Agency/Department

FLC Region

Security Lab

No

Address

4555 Overlook Avenue S.W.
Washington

(P)

202-767-3083

Description

FUNCTION: Enables scientists to measure the infrared (IR) signature of scale aircraft or ship models in a controlled environment, to test the effectiveness of new signature suppression coatings, and to validate IR signature codes against range imagery. Simulates the IR environment from sea level to 30,000-ft altitudes, and provides viewing angles representative of standard IR threats, versatile control of scale model temperatures and orientations, and a low-cost alternative to IR field testing.

DESCRIPTION: The NRL Infrared Range Facility is a unique national user facility that serves the IR signature community. The range is a 14-ft-diameter, temperaturecontrolled, cylindrical enclosure that is treated withhigh-emittance coatings on the inner walls. The enclosure is surrounded by a 20-ft-diameter thermal chamber. Test articles are inserted through the roof of the chamber and can be viewed over a range of elevation angles from -20° to +45°. The test article itself can be rotated through ±180°, tilted through ±45°, and temperaturecontrolled through a variety of heaters and temperatureconditioned fluids. A midwave infrared (MWIR) source is available for semiquantitative solar simulations. The dry air atmosphere within the chamber has a dewpoint of approximately -70 °C and a CO 2 level of below 1 ppm. Low CO 2 levels are needed to minimize absorption in the CO2 absorption doublet near 4.2 μm. The low dewpoints are needed to minimize frost formation on the chamber walls when configured for high-altitude conditions (long-wavelength infrared, LWIR).

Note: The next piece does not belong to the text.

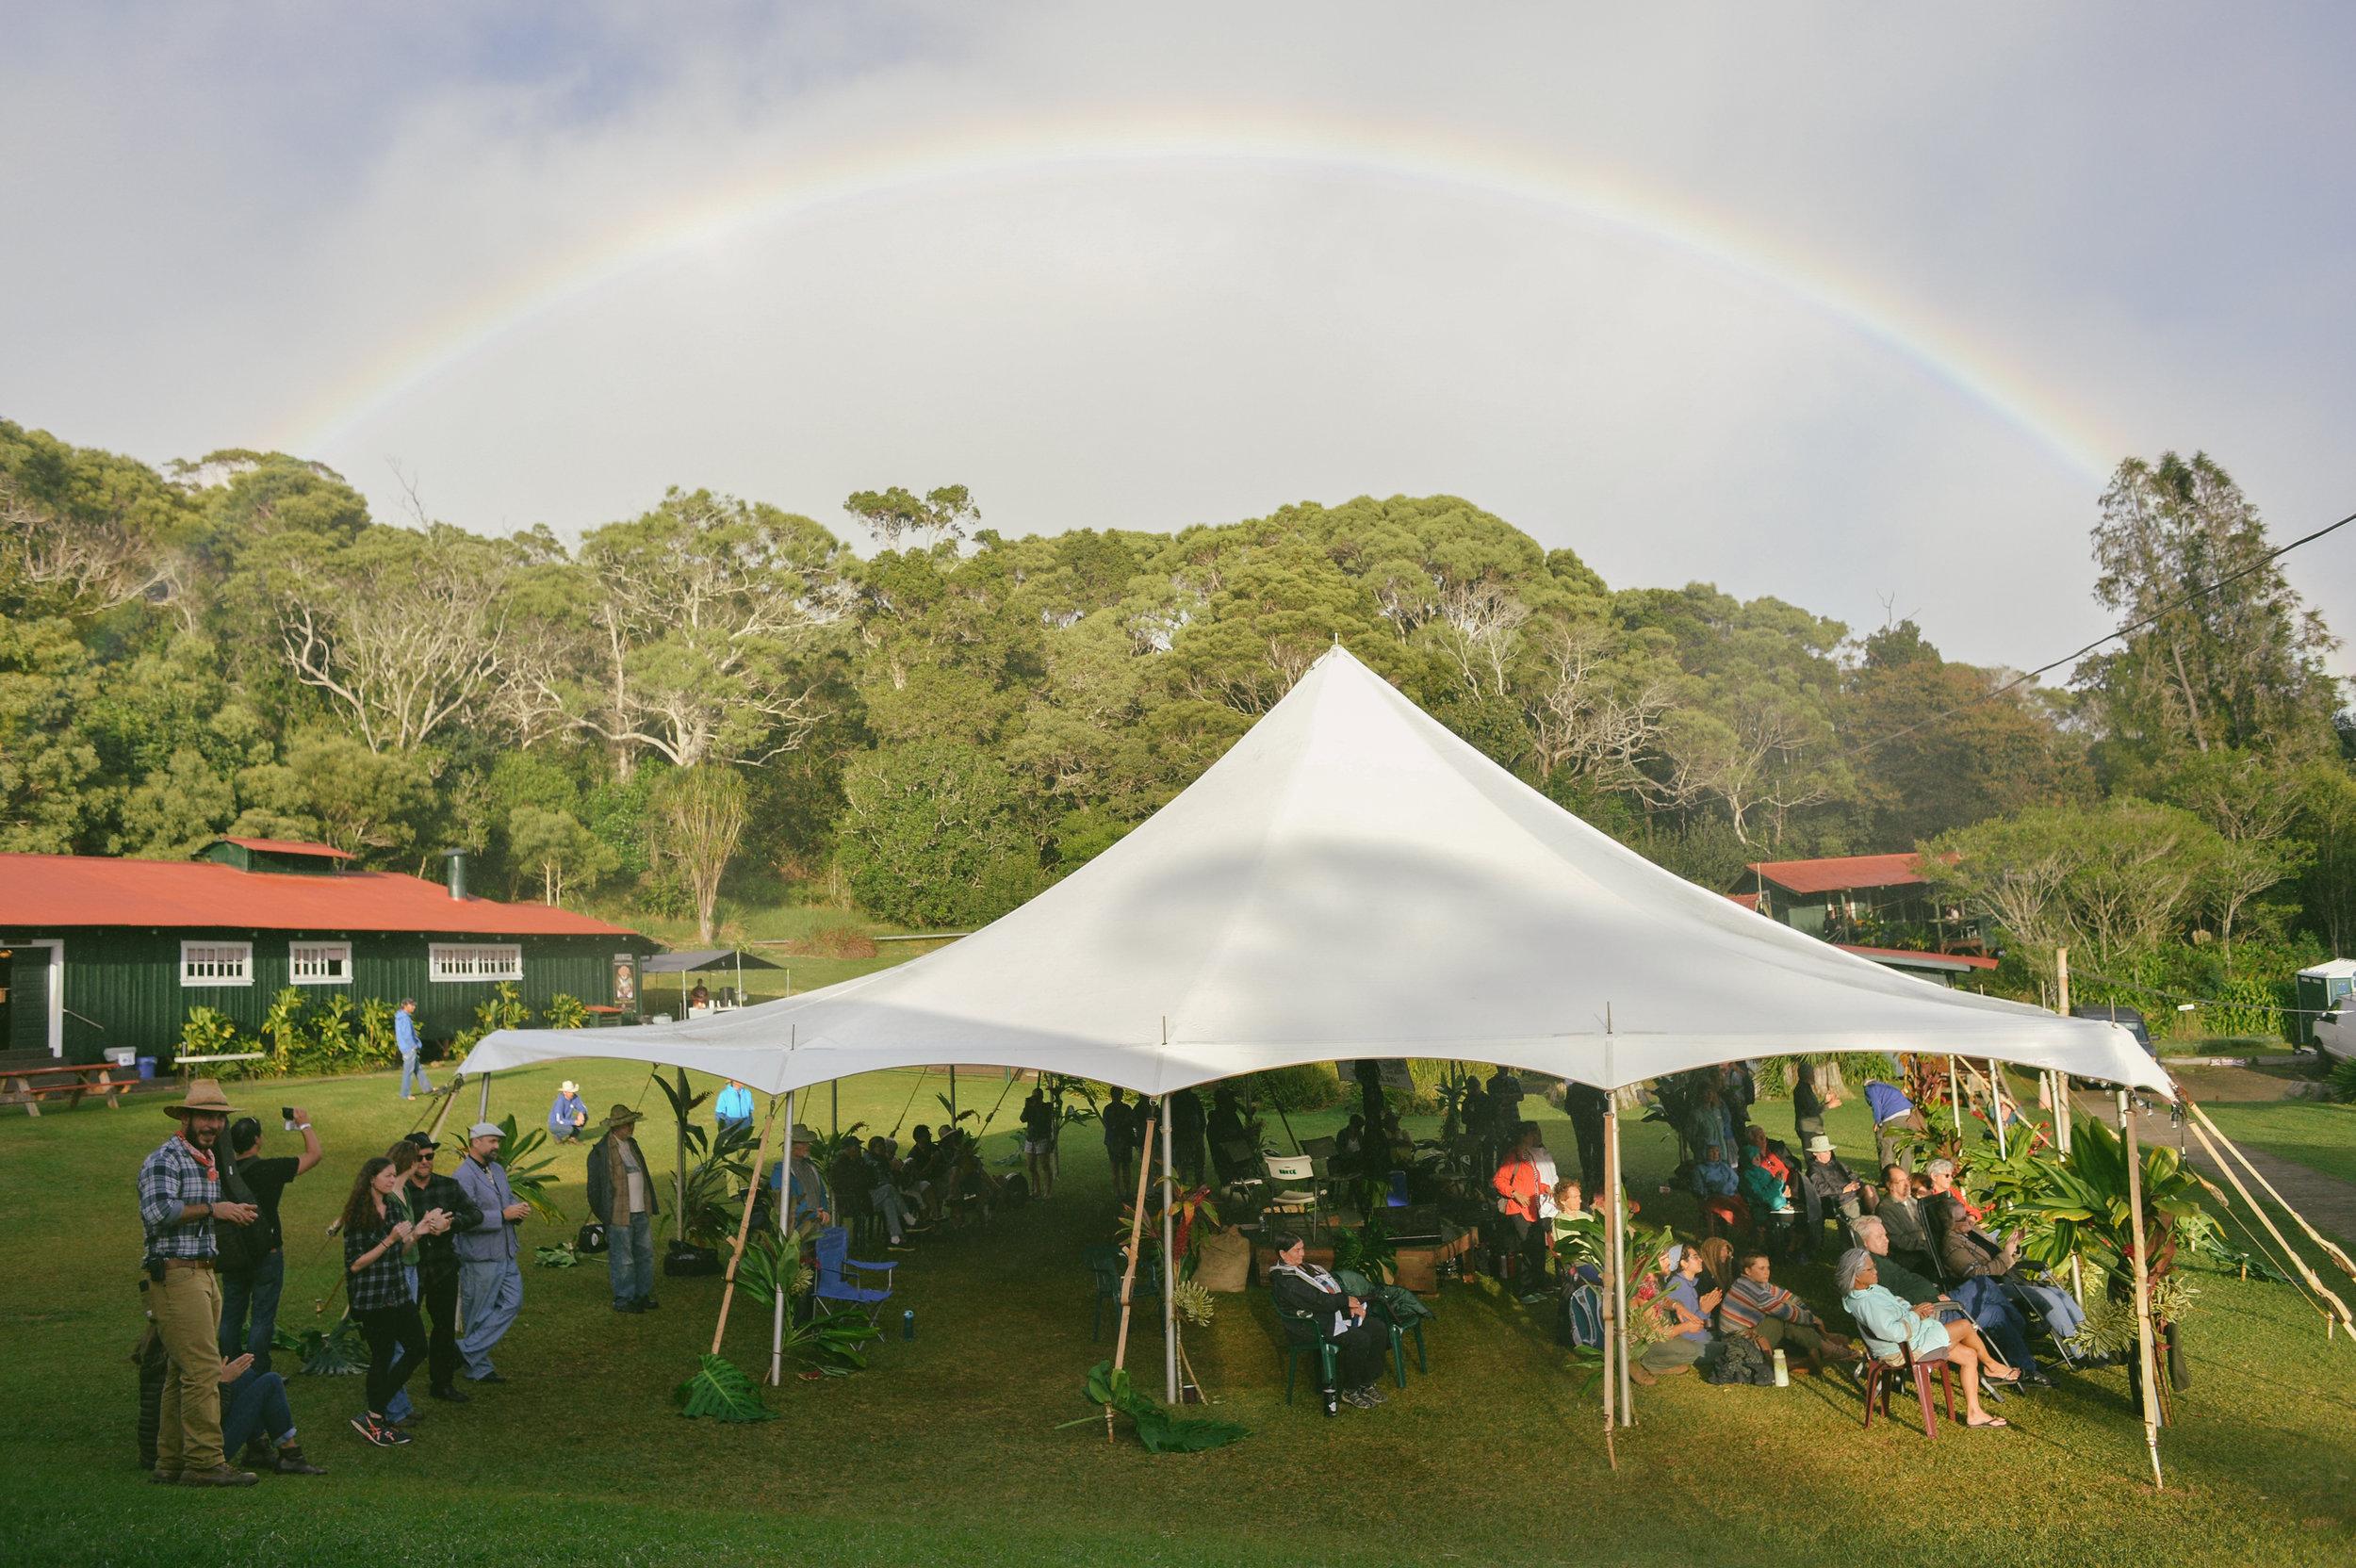 Rainbows at KOTG 2018
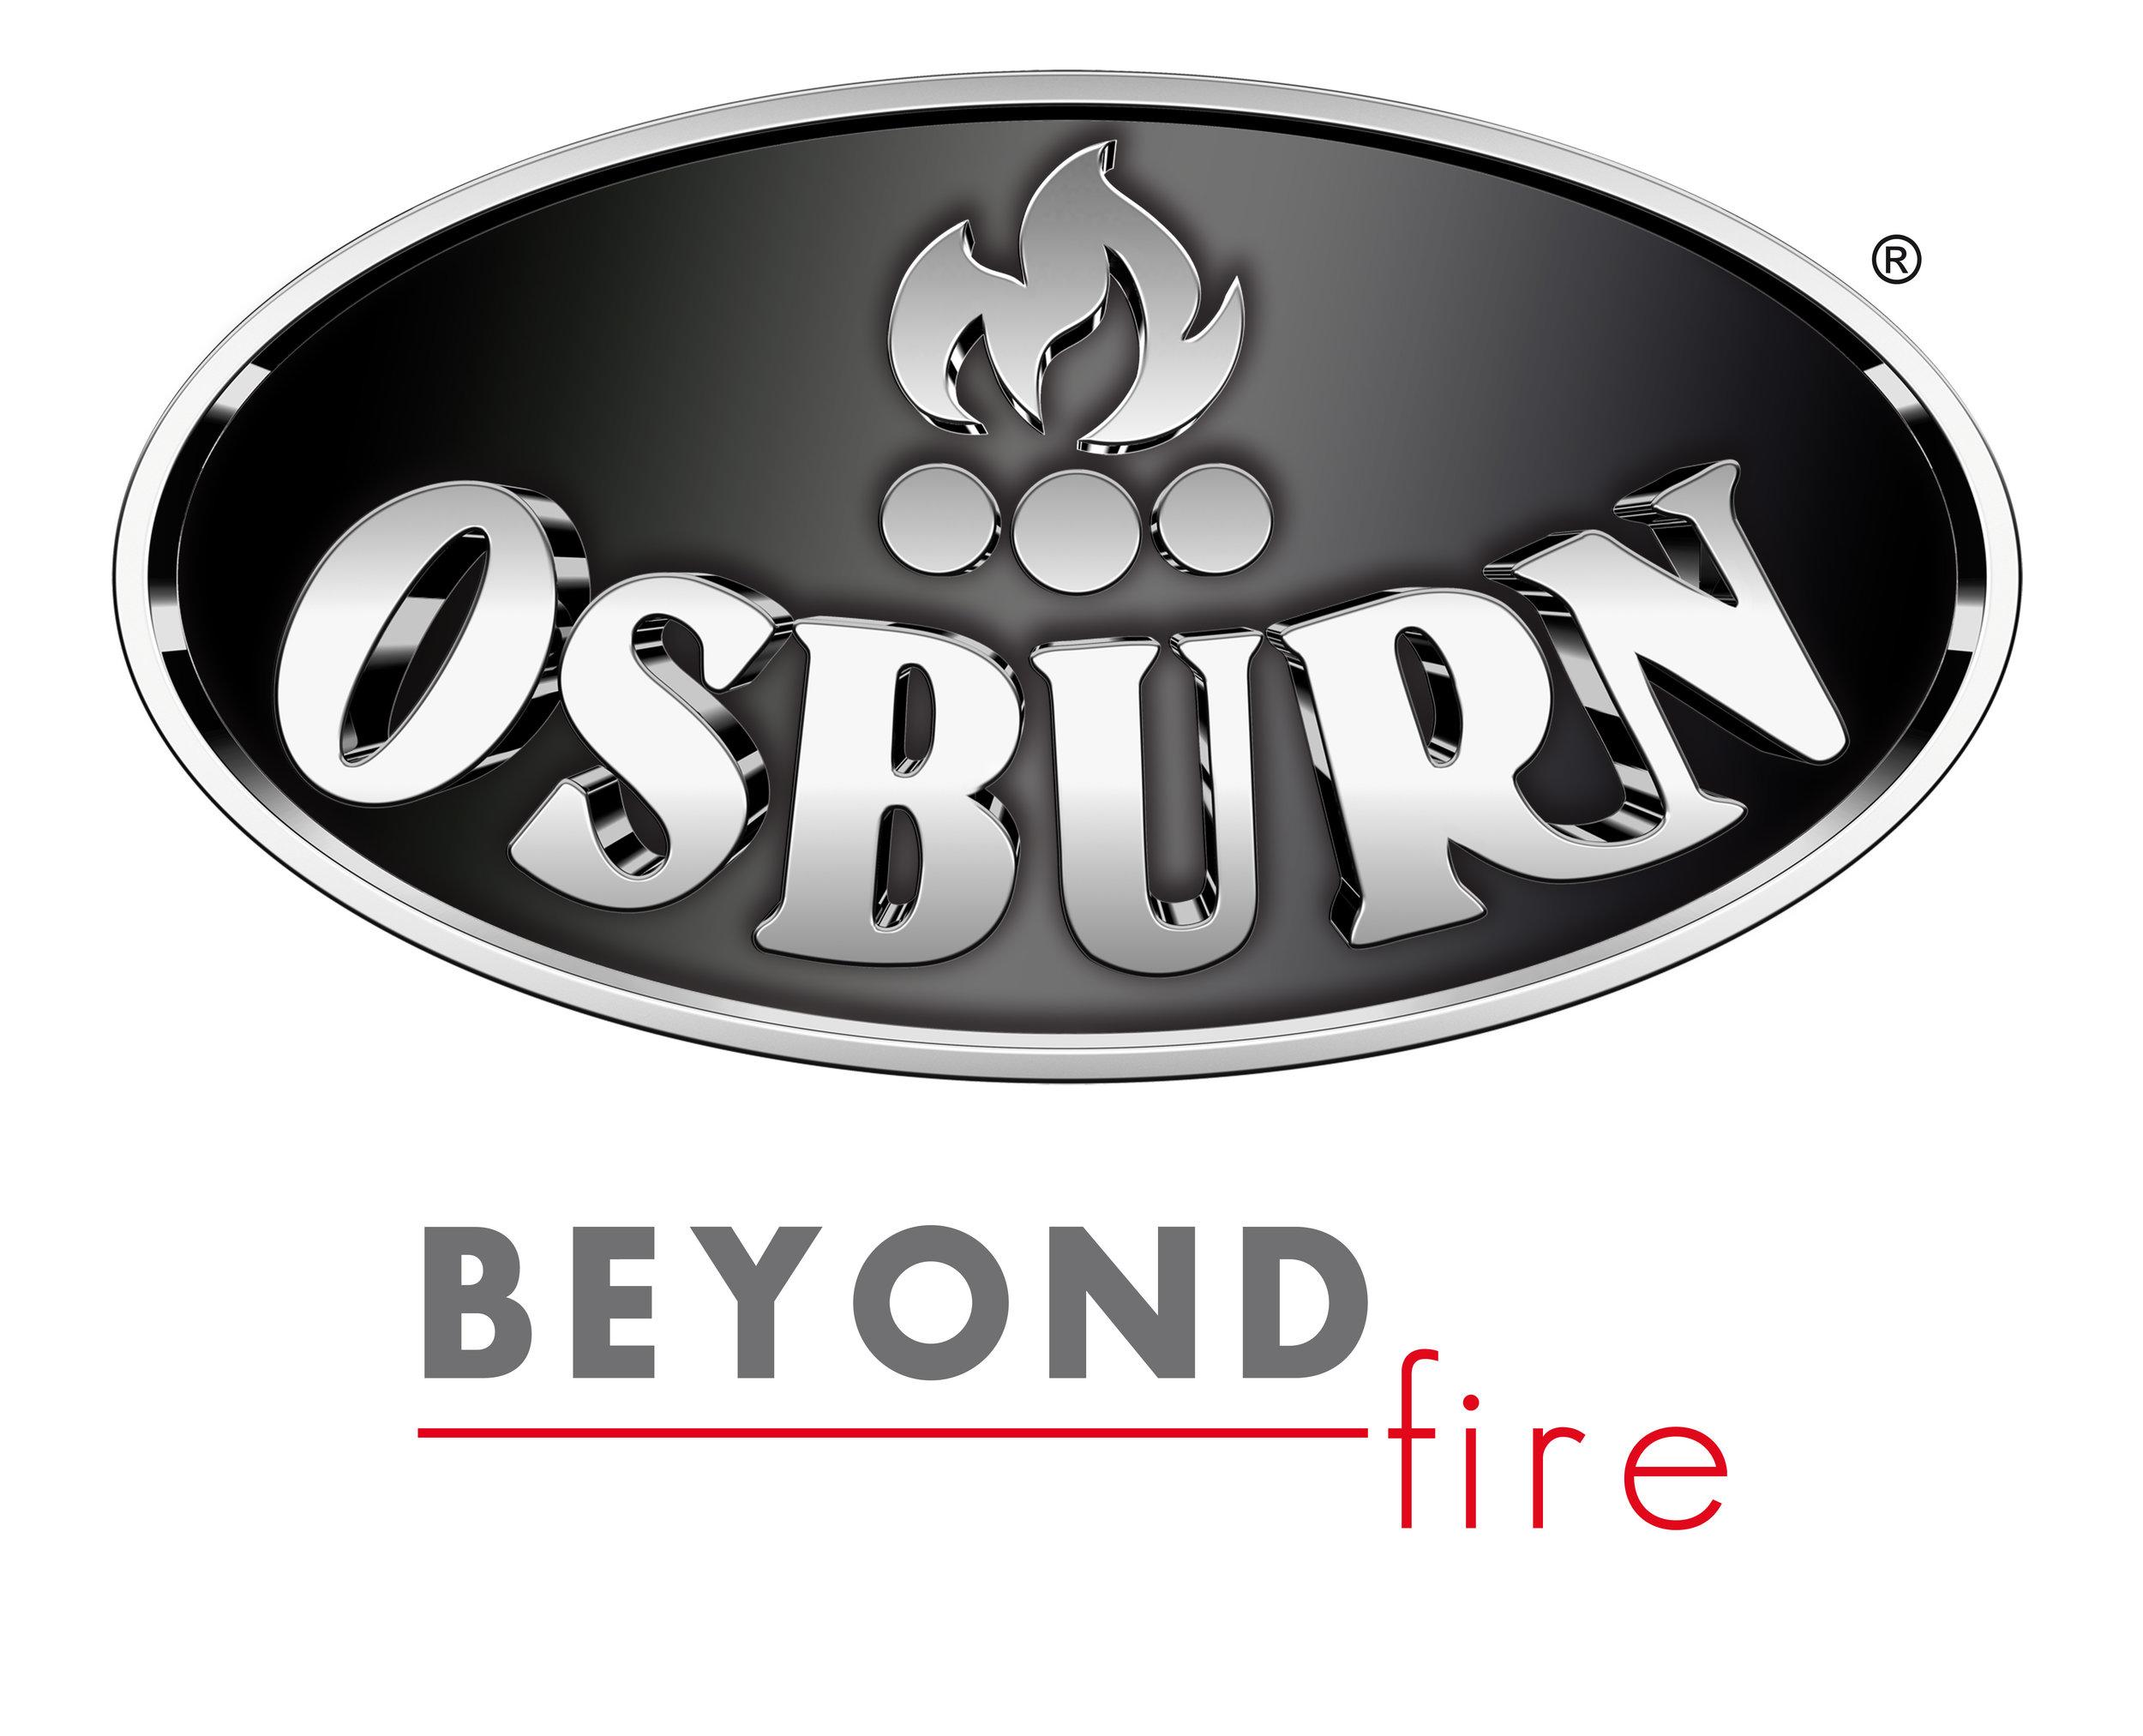 Logo_Osburn_Beyond_Fire sept 2014.jpg

The chamber walls used to simulate the zenith sky can attain temperatures as low as -110 °C. The sky panels are coated with a new type of flocked black coating with a hemispherical reflectance below 0.2% throughout the IR. Without such a coating, the thermal radiation from the warm Earth panels would reflect from the sky panels and overwhelm the emitted radiation from the sky.

INSTRUMENTATION: State-of-the-art focal plane array cameras, low-temperature blackbodies, hemispherical directional reflectometers, and laser-based scatterometers for measuring the bidirectional distribution function.